Día del mar

21 Apr, 2016 | Ellen Frank-Delgado

Social issues and Politics

Photos:Ellen Frank-Delgado

The century old struggle for Avaroa’s coastline

In the days leading up to Día del Mar, Plaza Abaroa is a tranquil place. All that can be heard are the sounds of gardeners peacefully watering the surrounding grass. One man sweeps the stone pathways that transect the plaza, while others in swanky suits quietly eat lunch on nearby benches. Yet, the bitter smell of fresh black paint stands out in the plaza, and forces Sopocachi residents to stop in their tracks. The paint outlines where Bolivian dignitaries and members of the National Congress will stand in a few days, during the March 23rd commemoration.

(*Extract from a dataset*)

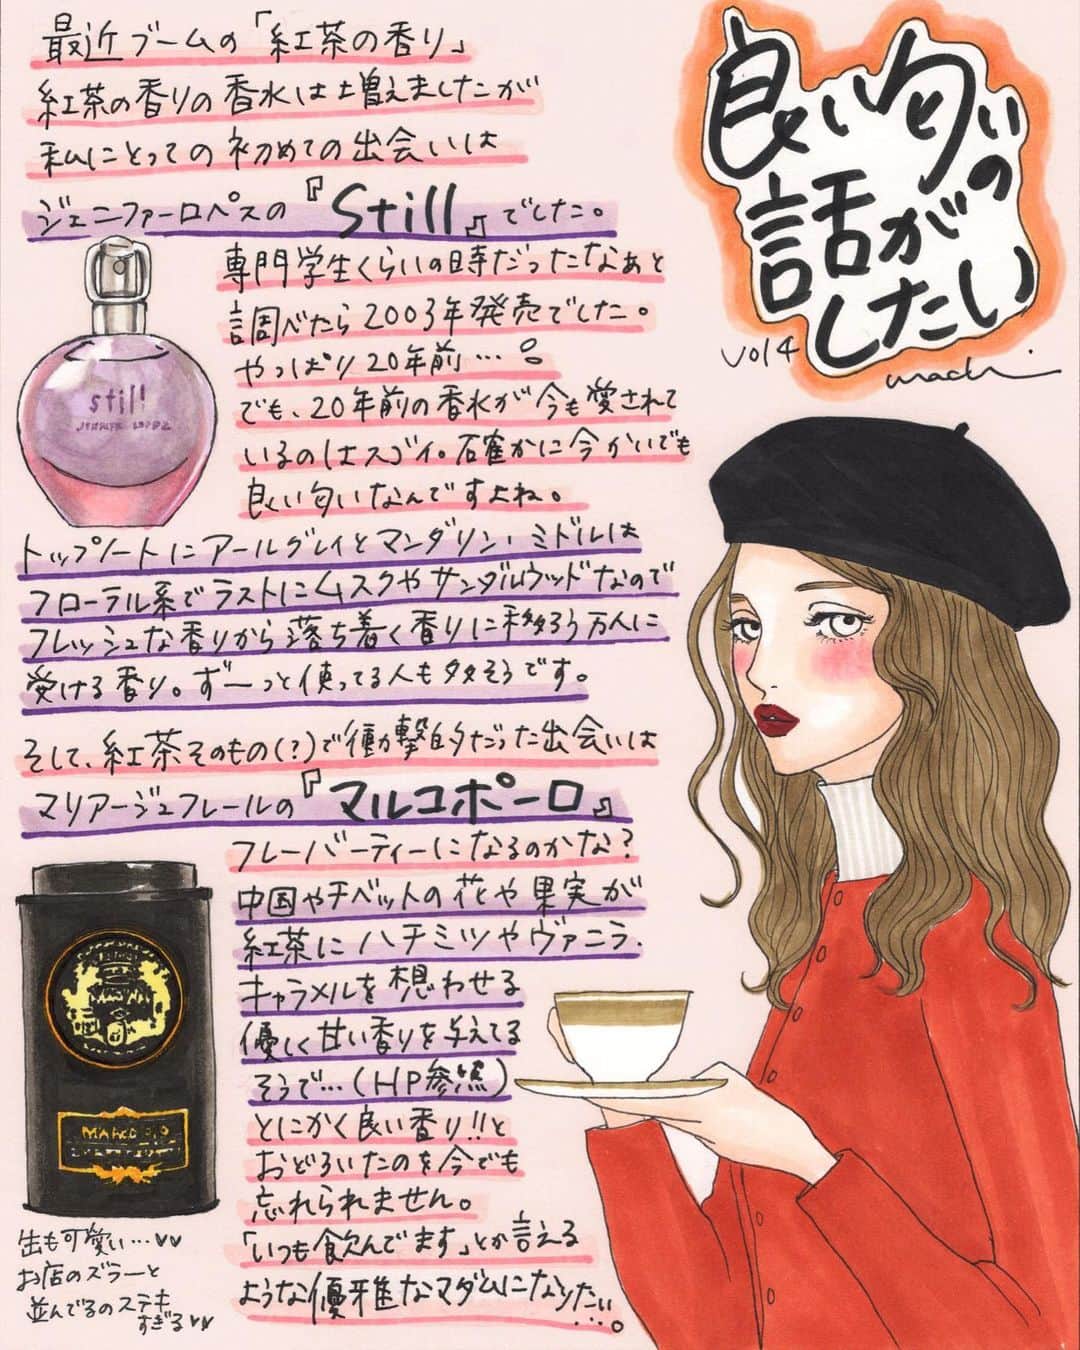 machiのインスタグラム：「『良い匂いの話がしたい』vol.4  こんばんは。 今回は「紅茶のかおり」のお話です。 紅茶の香りの香水「Still」と香りが大好きすぎる紅茶「マルコポーロ」について。  そして今回から1枚絵スタイルに変えました。漫画も楽しいんだけど「やっぱり‼︎ただ可愛いだけの女の子の絵が‼︎描きたいんやっっ‼︎‼︎」という欲が止まらなく、熟考した結果、この形にしました。何ならもうすでに紅茶の話の漫画出来上がってましたし。でもボツ。こっちのが可愛い。 これからもブラッシュアップしながら可愛い‼︎ってなってもらえるものを描いていきたいなと思いますので、良かったら読んだり見たりしてやってくださいな〜。 ではでは、良い夜を。  #良い匂いの話がしたい」

The War of the Pacific, fought between Chile, Peru and Bolivia, began as a border dispute when Bolivia imposed a 10-cent tax on the potassium nitrate produced by Chile in the Litoral province. In the first battle, fought in Calama in 1879, 500 Chilean soldiers faced 100 Bolivian men, including Plaza Abaroa’s namesake, Eduardo Avaroa, who owned property in the area. According to folklore, when Chilean soldiers asked Avaroa to surrender, in a moment of pure valour, the doughty landowner yelled back, ‘¿Rendirme yo? ¡Que se rinda su abuela!’ (Surrender me? Your grandmother should surrender!) Since his death, he lives on as a national hero in major plazas across Bolivia and in the Reserva Nacional de Fauna Andina Eduardo Avaroa. Even so, Plaza Abaroa’s official name continues to be misspelled due to the linguistic similarity between ‘B’s’ and ‘V’s’ in spoken Spanish.

The War of the Pacific ended in 1883, but Eduardo Avaroa’s name still symbolises hope in modern day Bolivia. The country officially lost its Litoral province to Chile at the end of the war, but to this day it insists on regaining its sovereign access to the sea. Under Evo Morales’ leadership, Bolivia has taken actions to modify the 1904 Treaty of Peace & Friendship. In 2013, it filed an official plea to sue Chile at the International Court of Justice in The Hague. If the court sides with Bolivia, the landlocked country could gain back a portion of the 400 km coastline it lost 112 years ago.  

On Día del Mar, the plaza could not differ more from the serene days leading up to it. In the morning, jets dart above the now-barricaded plaza. The crowds of paceños that fill the sidewalks can still see the bronze statue of Avaroa in the centre of the plaza. Floral offerings in the country’s vibrant yellow, green and red, surround Eduardo Avaroa. The many blue flowers encompassing the statue remind onlookers of the true purpose of today’s festivities. Local school marching bands, politicians, the Ministry of Defence, the army, and of course, Bolivia’s navy, occupy the streets themselves. The navy’s plain white suits greatly contrast the more whimsical and colourful costumes of the processions. Bolivia maintains a navy to surveil Lago Titicaca and the country’s rivers, as well as in the hope of one day regaining its coastline.

Evo Morales’ stern voice rumbles over the loudspeakers as he shares his hopes of ‘frank and sincere dialogue with Chile.’ His sentiments are emotional but optimistic, which reflect the country’s belief that one battle has already been won. In September 2015, the International Court of Justice rejected Chile’s claim that the court had no jurisdiction in the case. Chile now has until July 25th to respond to Bolivia’s case, while Bolivia has spent the past week analysing and preparing for different arguments Chile may make.

After a midday siesta, the streets in front of Plaza Abaroa are filled once more with parades. The marching drums seem to vibrate local buildings even more than the morning’s jets. Chants and songs, in combination with the drums, fill the air and drown out the Western music of Alexander Coffee across the street, from where local barista Mirea Sandoval Rivera has watched Día del Mar each year behind the counter. ‘In the heart of all Bolivians,’ she says, when asked if Bolivia will ever gain access to the sea, ‘we will always defend the story of Avaroa.’

The end of the day’s commemoration is eerie. After hours of music, the drums come to an unnerving halt. No soldier or onlooker chants or even mumbles a word. There is a chilling atmosphere and no one seems to know what is going to happen next, like in the uncertain months to come for Bolivia in the Hague. Amidst a few more shouts, the soldiers precede onward, carrying the flag flown in 1879 away from Plaza Abaroa. All that can be heard is the dismantling of stages, while the paceños are left wondering if their country will always remain landlocked.